- Born: 24 March 1948 Lincolnshire
- Died: 18 December 2001 (aged 53)
- Spouse: Yvonne Rogers

Academic background
- Alma mater: University of Liverpool; University of Oxford

Academic work
- Discipline: Psychology
- Sub-discipline: Developmental Psychology
- Institutions: University of Sussex

= Michael Scaife =

British psychologist

Michael Scaife (24 March 1948 – 18 December 2001) was a British biologist, psychologist, and reader at the University of Sussex, known for his early work in developmental psychology and his later interdisciplinary study in cognitive and computing sciences.

== Biography ==
Born in Lincolnshire and raised in Coventry, Scaife attended the King Henry VIII grammar school on a scholarship, and obtained his MA in biology at University of Liverpool, and his PhD in psychology at University of Oxford.

Scaife started his academic career as research assistant at the ethology group of the University of Oxford, where he cooperated with Mike Cullen, Nikolaas Tinbergen and Richard Dawkins. Later in the 1970s at University of Oxford he participated in the education and cognition research group of Jerome Bruner, with whom he published the article "The capacity for joint visual attention in the infant" in Nature in 1975. According to Bruner and Clark their cooperation helped "revolutionise the study of the infant mind. The target was to unravel what was involved in a child's learning to master a culture and the technology it generates. Mike knew that this problem was all about interactions. He saw that spectators could never get to the gist of things. It was through interacting that you learned how to do things - and also what needed doing."

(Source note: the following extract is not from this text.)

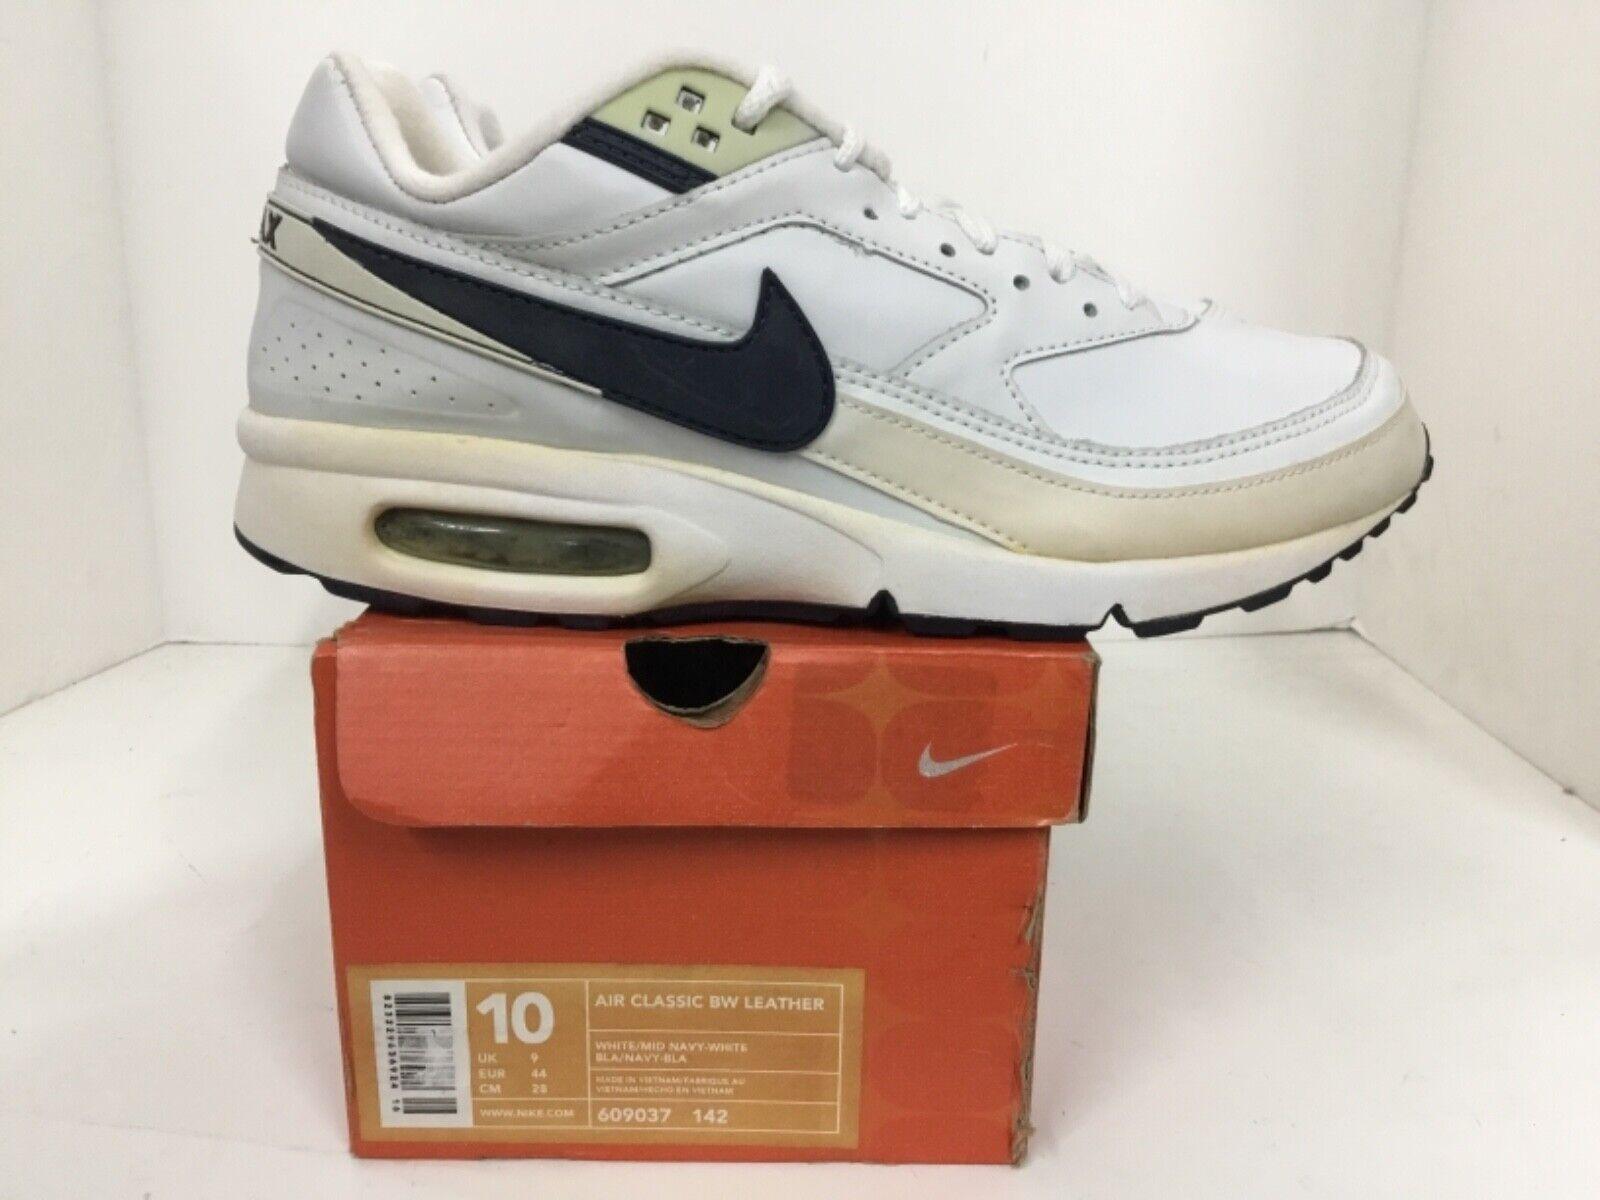 Nike Air Classic BW Leather  Mens Style \ 609037 142 Dimensione 10  produttori fornitura diretta

Later in the 1980s he moved to the University of Sussex, where he became senior lecturer in 1999, and reader in 2001. In 1987 at Sussex University he had co-founded the school of cognitive and computing sciences. Also with his partner Yvonne Rogers he founded the Interact Lab to study representation in problem solving.

== Selected publications ==
===Books===
- Butterworth, George, Julie Rutkowska, and Michael Scaife. Evolution and developmental psychology. Vol. 4. Harvester, 1985.

===Articles===
- Scaife, Michael, and Jerome S. Bruner. "The capacity for joint visual attention in the infant." Nature (1975).
- Scaife, Mike, and Yvonne Rogers. "External cognition: how do graphical representations work?." International journal of human-computer studies 45.2 (1996): 185–213.
- Scaife, M., Rogers, Y., Aldrich, F., & Davies, M. (1997, March). "Designing for or designing with? Informant design for interactive learning environments." In Proceedings of the ACM SIGCHI Conference on Human factors in computing systems (pp. 343–350). ACM.
- Navarro-Prieto, Raquel, Mike Scaife, and Yvonne Rogers. "Cognitive strategies in web searching." Proceedings of the 5th Conference on Human Factors & the Web. 1999.
- Cheng, Peter C-H., Ric K. Lowe, and Mike Scaife. "Cognitive science approaches to understanding diagrammatic representations." Artificial Intelligence Review 15.1-2 (2001): 79–94.